High Performance Inkjet-Printed Quantum-Dot Light-Emitting Diodes with High Operational Stability

Abstract

Improving the stability of inkjet-printed quantum dot light emitting diodes (QLEDs) is critical for the technology to become commercially viable. The major obstacle is the compromise between the printability of the ink system and the functionality of the carrier transport layers. Here, a ternary ink system consisting of octane, 1-cyclohexyl-ethanol, and n-butyl acetate is reported, which solves the erosion between the printed quantum dot ink and the underneath hole transport layer. A gradient vacuum post-treatment is developed to accompany the ternary ink system with gradient vacuum pressures, which is helpful in forming a uniform printing layer. Based on both technologies, the inkjet-printed R/G/B QLEDS are fabricated with high resolution patterns, showing high efficiencies and stabilities.

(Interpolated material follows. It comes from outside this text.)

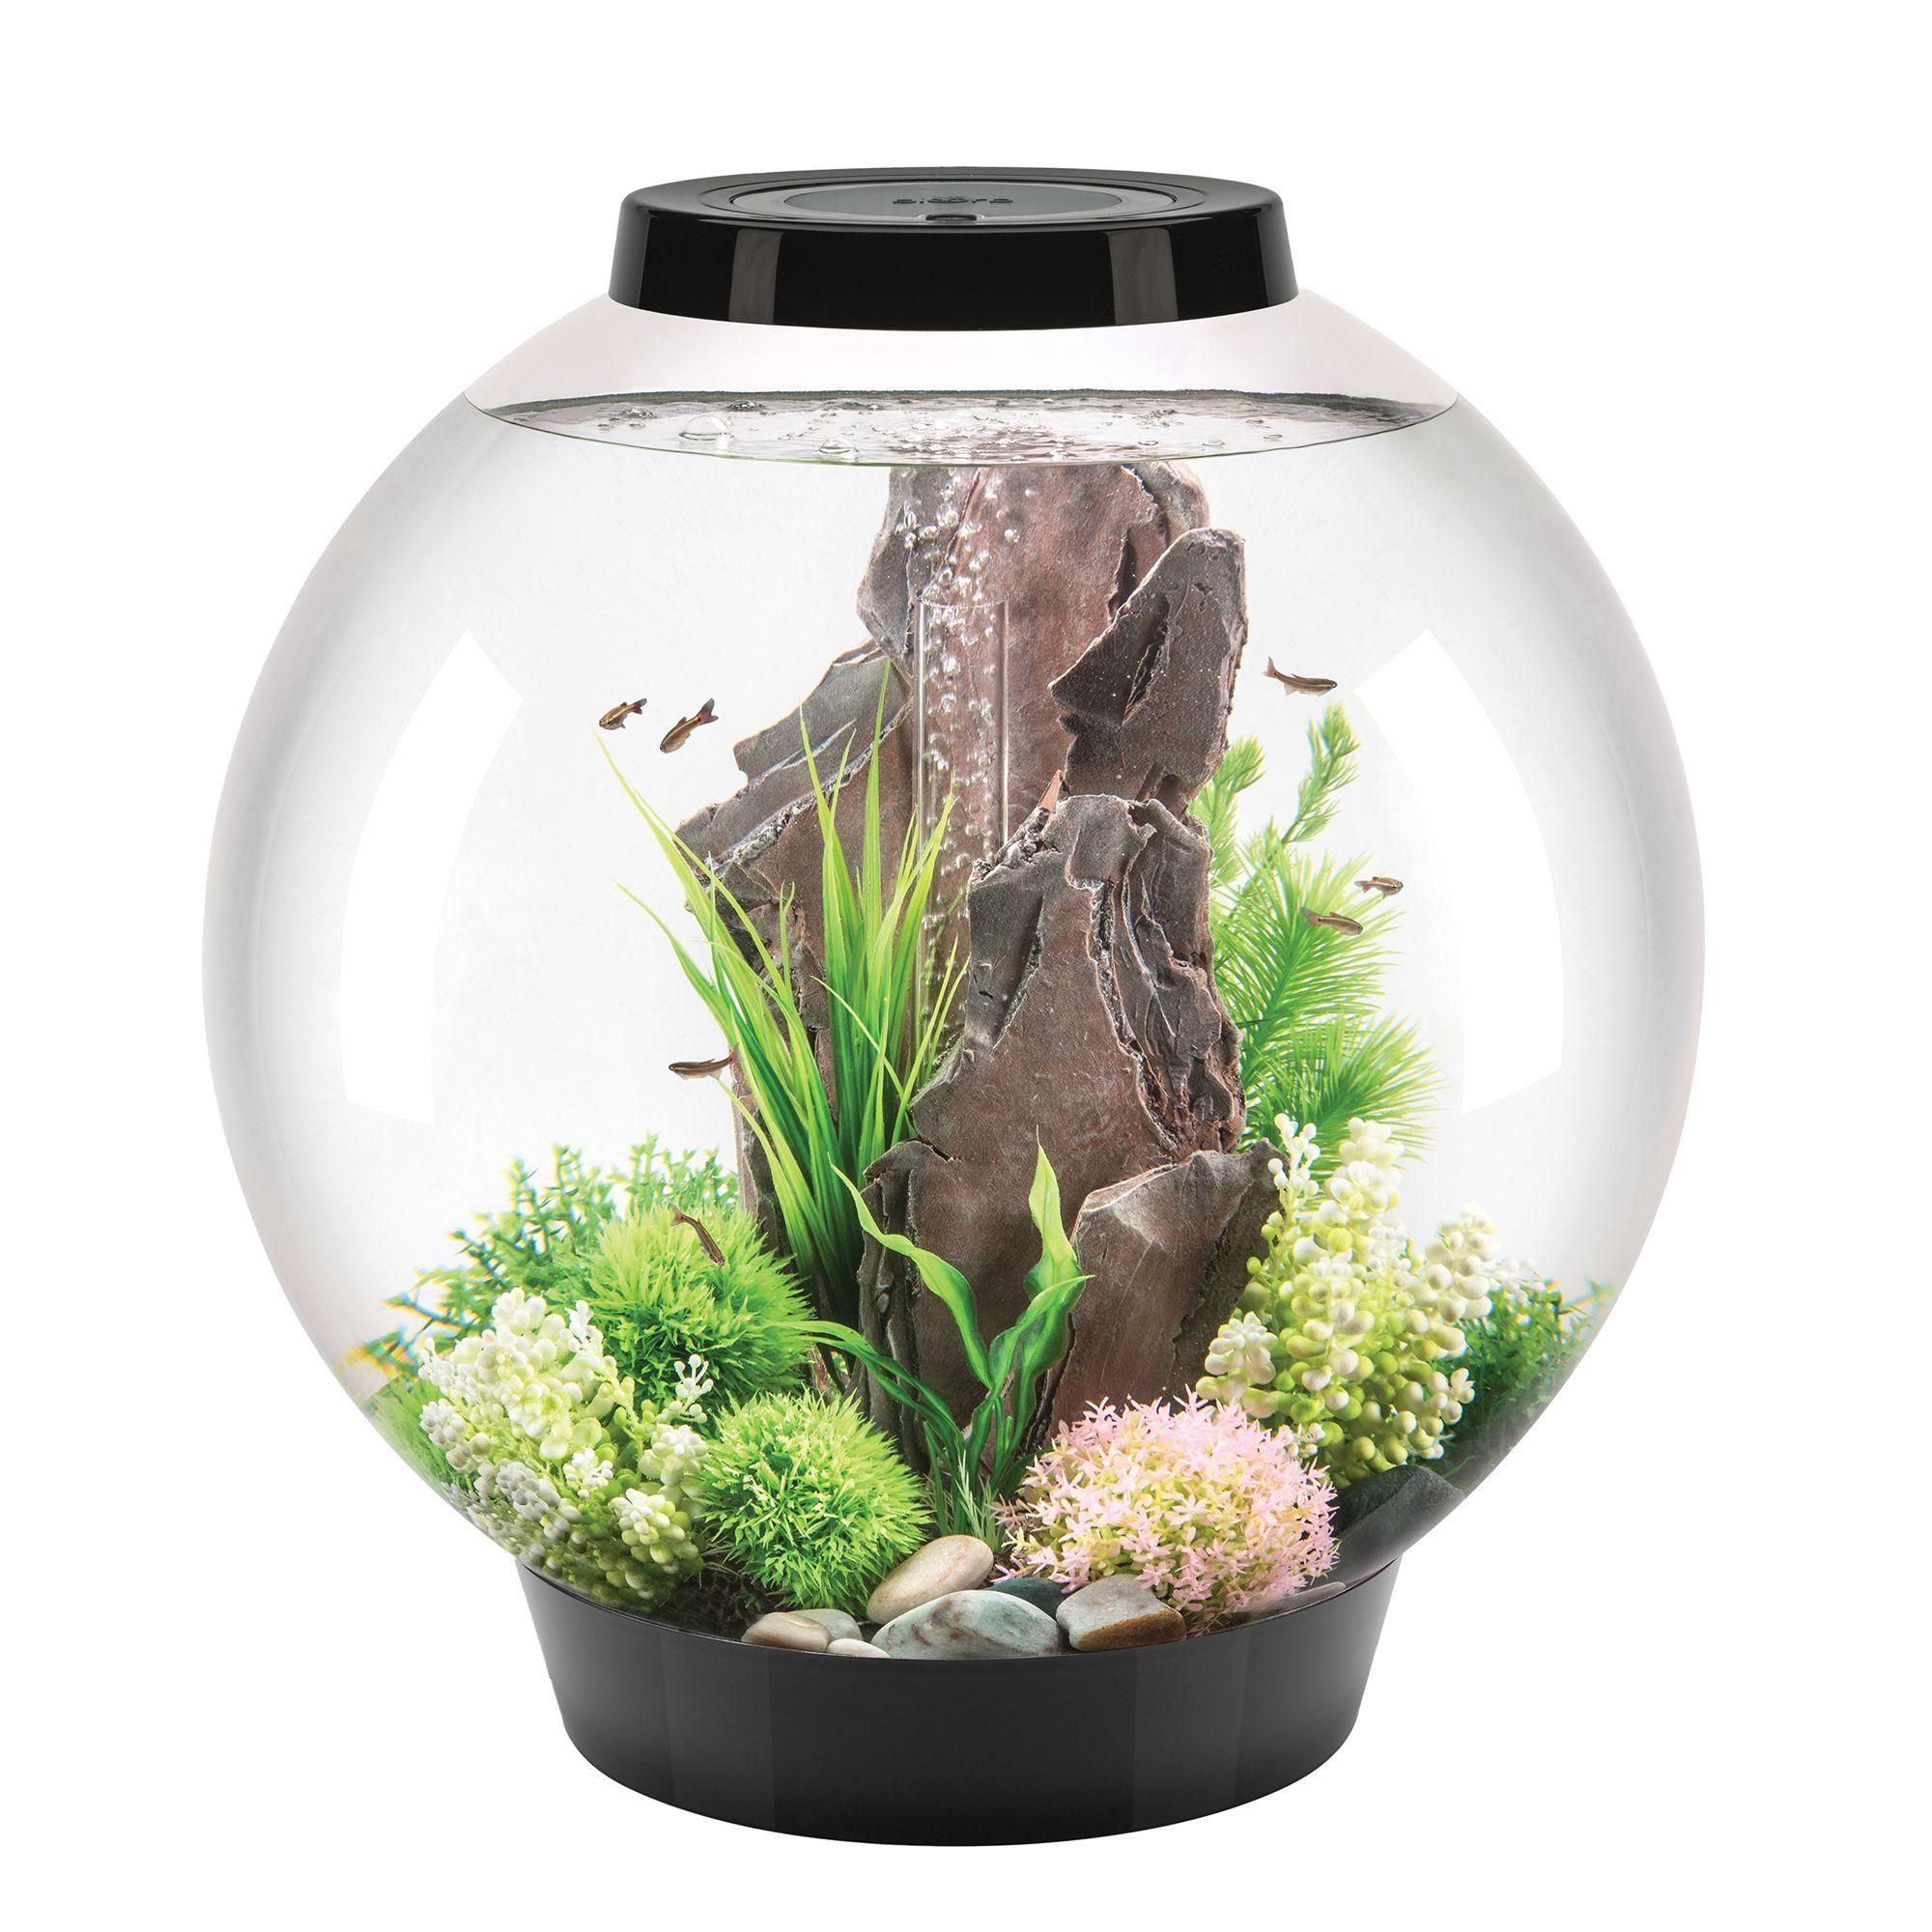 Biorb Classic 16 Gallon Led Aquarium Black

The external quantum efficiency of R/G/B devices is 19.3%, 18.0%, and 4.4%, respectively. Correspondingly, the half operating lifetime is up to 25 178 h @ 1000 cd m^?2, 20 655 h @ 1000 cd m^?2, and 46 h @ 100 cd m^?2, respectively. The improvements in the ink engineering and post-treatment in this study have taken the efficiency and stability of the devices to a higher level and confirm the application prospects of printed QLEDs in the display industry.